Inflation has remained elevated at 8-10% range for more than 18 months since March 2010. Though the RBI and government have predicted the subsidence of headline inflation for many months now, it remains persistent at these high rates. The RBI's second quarter monetary policy review has projected baseline inflation to be 7% by end-March 2012.
Since February 2010, the RBI has increased rates 13 successive times, the largest such sequence of increases in its history. The repo and reverse repo rates have risen by 375 and 425 basis points respectively during this time.
Adding to the pressure is the steep recent depreciation in the value of rupee. While beneficial to exporters, it has the potential to add to inflationary pressures by making imports, espcially of oil, costlier.

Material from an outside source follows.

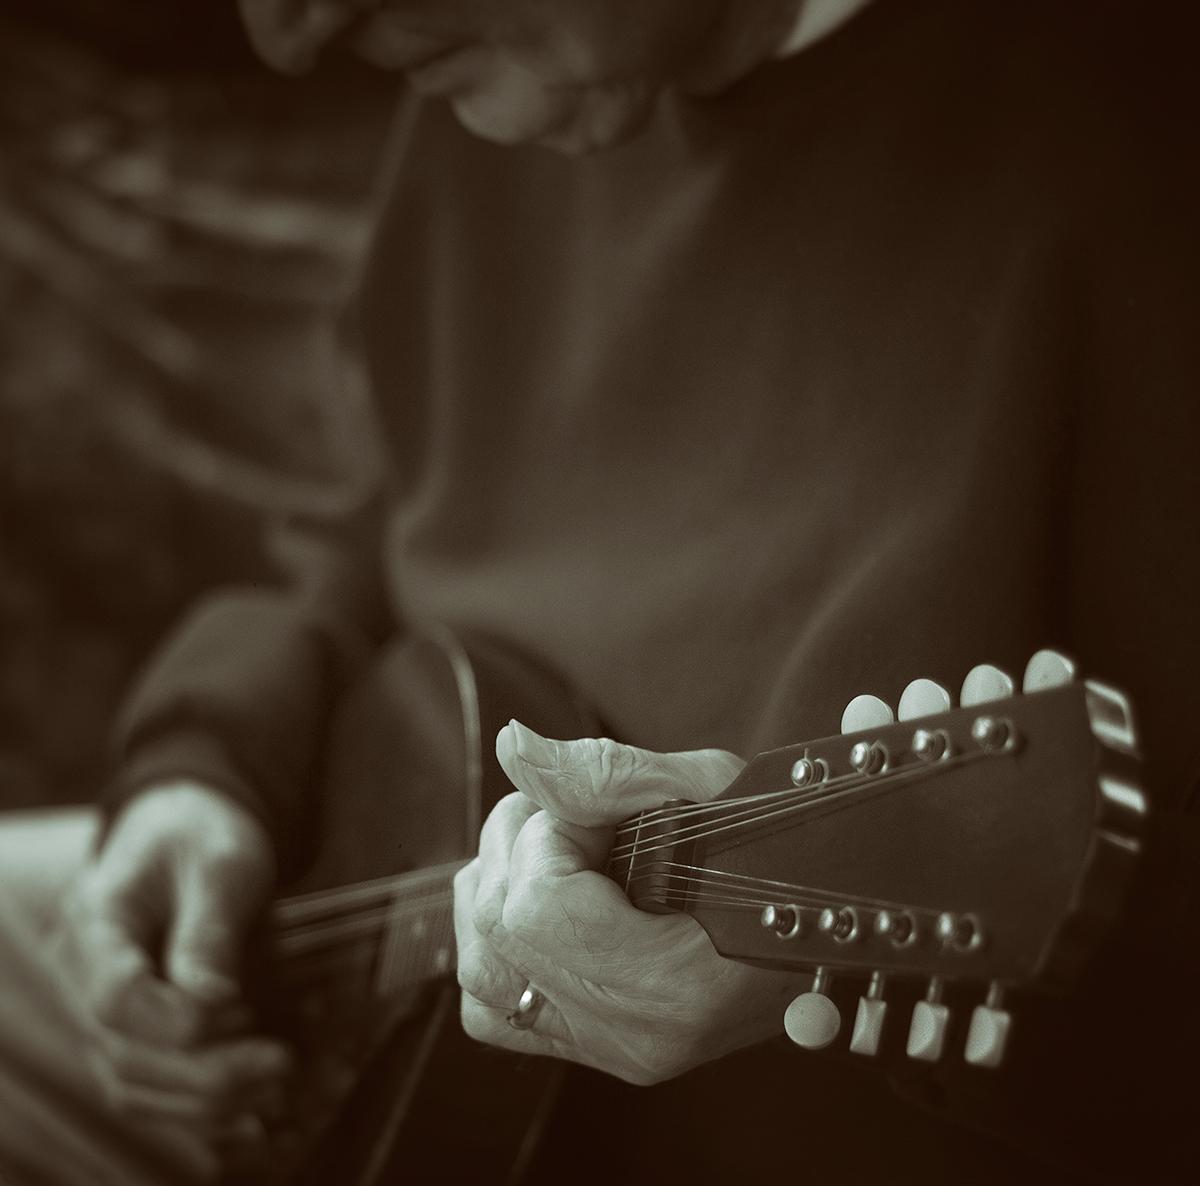 Play me a plain song.

In a reflection of the tightening monetary conditions, anchored inflation expectations, and increased government borrowings (government recently announced an increase in its 2011-12 fiscal borrowing by an additional Rs 52,872 Cr, taking it to a record Rs 4.7 trillion), long-term interest rates have been climbing. Into this milieu the announcement by the government The yields on 10 year government bonds have increased by more than 80 basis points since the beginning of the year.
As a measure of the growing global financial market instability, India VIX, the barometer of equity market volatility, has not only risen but has shown increased fluctuations over the past three months.